Several prevention-of-recurrence studies are under way. A phase IIa prevention-of-recurrence trial was recently begun for the subunit vaccine ID93 + GLA-SE in 60 South African adults who successfully completed therapy for drug-sensitive TB (DS-TB). Developed by the Infectious Disease Research Institute (Seattle, Washington), ID93 + GLA-SE combines the MTB antigens Rv2608, Rv3619, and Rv3620 with the GLA-SE adjuvant. The trial contains four arms and is testing two intramuscular injections of vaccine—given at three different doses—against placebo (saline solution). This safety and dose-ranging study will inform planning for a phase IIb prevention-of-recurrence trial of ID93 + GLA-SE that will enroll up to 450 adults per arm.81 In addition to ID93 + GLA-SE, H56 recently completed enrollment in a phase I safety, immunogenicity, and dose-escalation study among 24 HIV-negative adults that were previously treated for DS-TB; results are forthcoming.82 H56 + IC31 is being studied as an adjunct to TB therapy when paired with COX-2-selective inhibitors (a type of nonsteroidal anti-inflammatory drug).83 The idea is that COX-2 inhibitors will strengthen the vaccine response to H56, and that the two together will shorten the duration of chemotherapy for multidrug-resistant TB. This initial study is recruiting participants in Oslo, Norway and is supported by the Norwegian Research Council.84 Despite these interesting applications of H56 during and after TB drug therapy, the SSI has indicated that future development efforts will focus on prevention-of-infection trials rather than prevention-of-recurrence trials.85

Other Approaches and Developments

The TB vaccine field’s only ongoing phase IIb efficacy trial is evaluating whether two intramuscular doses of M72 + AS01, a subunit vaccine developed by GlaxoSmithKline (GSK) that pairs MTB antigens 32A and 29A with GSK’s AS01 adjuvant, protects MTB-infected, HIV-negative adults from TB disease progression compared with placebo.86 The trial, which opened in 2014 and is being conducted in South Africa, Kenya, and Zambia, reached its targeted enrollment of 3,500 participants in 2015 and is now in follow-up for the primary outcome analysis, which will be case driven.
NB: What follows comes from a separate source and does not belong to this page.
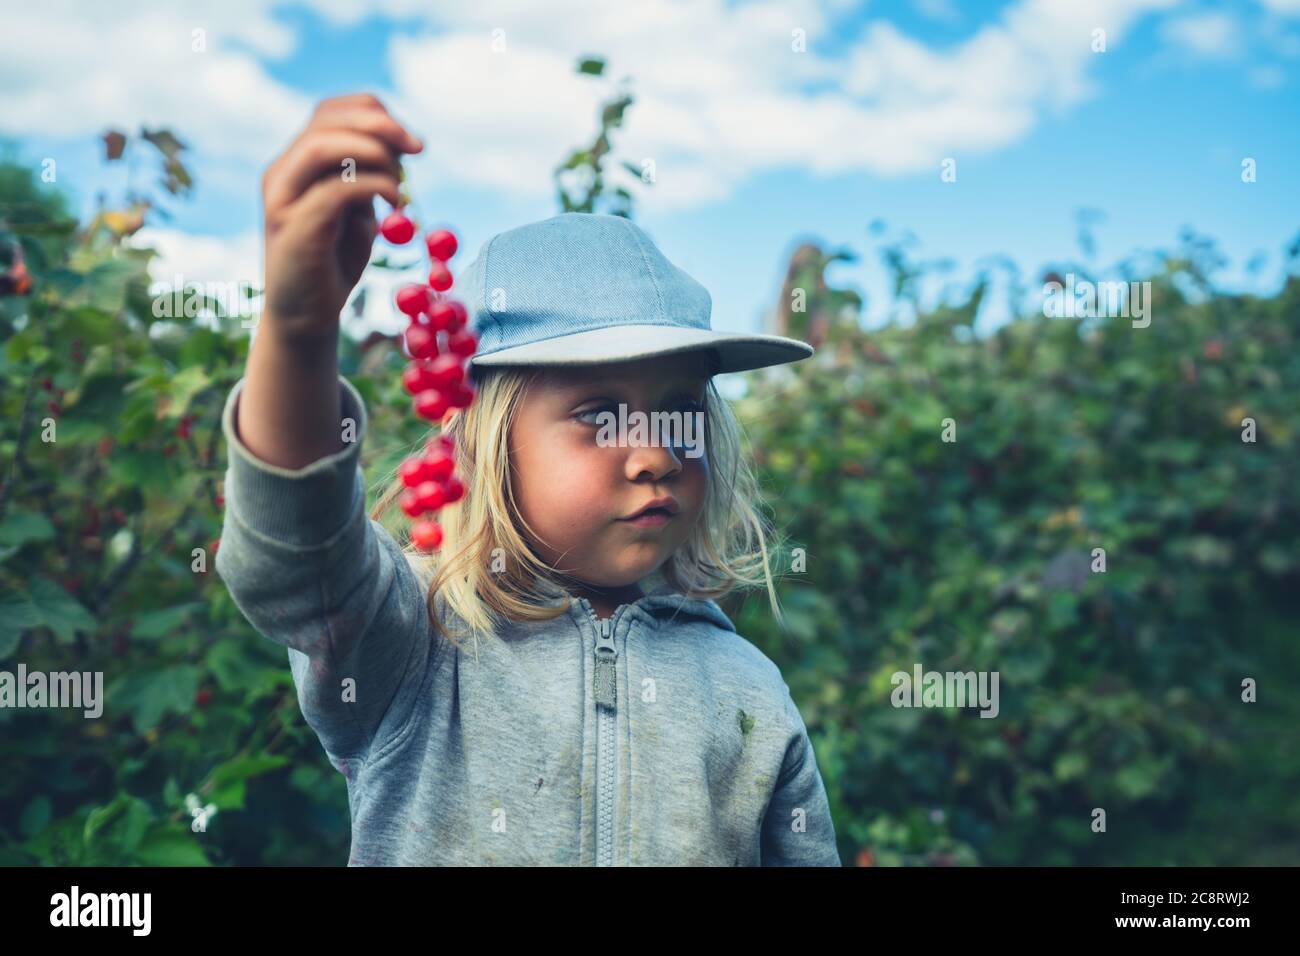 Un préchooleur est debout parmi les buissons de fruits sur une ferme avec quelques baies Banque D'Images

The analysis will be conducted after investigators detect 21 cases of pulmonary TB; results are expected in late 2018.87

Activity also continues on the development of two vaccines designed to replace BCG and be administered to infants soon after birth: VPM1002 and MTBVAC. VPM1002, a live, recombinant form of BCG developed by Vakzine Projekt Management in Germany and licensed to the Serum Institute of India (SII), recently began a phase IIa trial in over 400 South African newborns. The study will compare the safety and immunogenicity of VPM1002 versus BCG in both HIV-exposed and unexposed infants.88 The SII is currently in discussions with regulatory authorities in India to take VPM1002 into two larger studies: a phase IIb BCG-replacement trial in newborns (pending a favorable outcome from the South African study), and a phase III prevention-of-recurrence trial in adults.89 Work also continues on MTBVAC, a live, genetically attenuated form of MTB that was made less virulent by the deletion of two genes (phoP and fadD26). A phase IIa safety, dose-escalation, and immunogenicity study of MTBVAC in South Africa is currently recruiting participants in two phases. The first will randomize MTB-negative, BCG-vaccinated adults to receive either MTBVAC or BCG. If safety is demonstrated in this group, the trial will progress to the second stage and randomize infants to receive either BCG or MTBVAC at one of three doses.90 A phase IIa study among South African adults is also planned.91

Efforts to replace BCG will likely receive less financial and intellectual attention in the coming years. In contrast with earlier phase IIa and IIb trials, many of which were conducted in either adults with HIV or infants,92,93 vaccine developers are now focusing on HIV-negative adolescents and adults, who account for the majority of MTB transmission globally. (This may be one reason why VPM1002 and MTBVAC—each designed as BCG-replacement vaccines—are also being tested in adult prevention-of-recurrence and prevention-of-infection trials). By conducting fewer clinical trials in children and people with HIV, TB vaccine developers are effectively making the decision to direct research away from the two groups most vulnerable to TB. If focusing testing on adults without comorbidities shortens the clinical development timeline, and if the resulting vaccine averts cases of TB in children and people with HIV through a herd immunity effect by interrupting TB transmission among the adult contacts around them (as modeling suggests could occur),94 then this may prove to be a prescient move. But that string of assumptions contains many uncertainties, and developers should acknowledge that the current strategy risks leaving behind two key TB-affected populations with greatly enhanced risks of disease and death that rightly draw significant attention from global health actors.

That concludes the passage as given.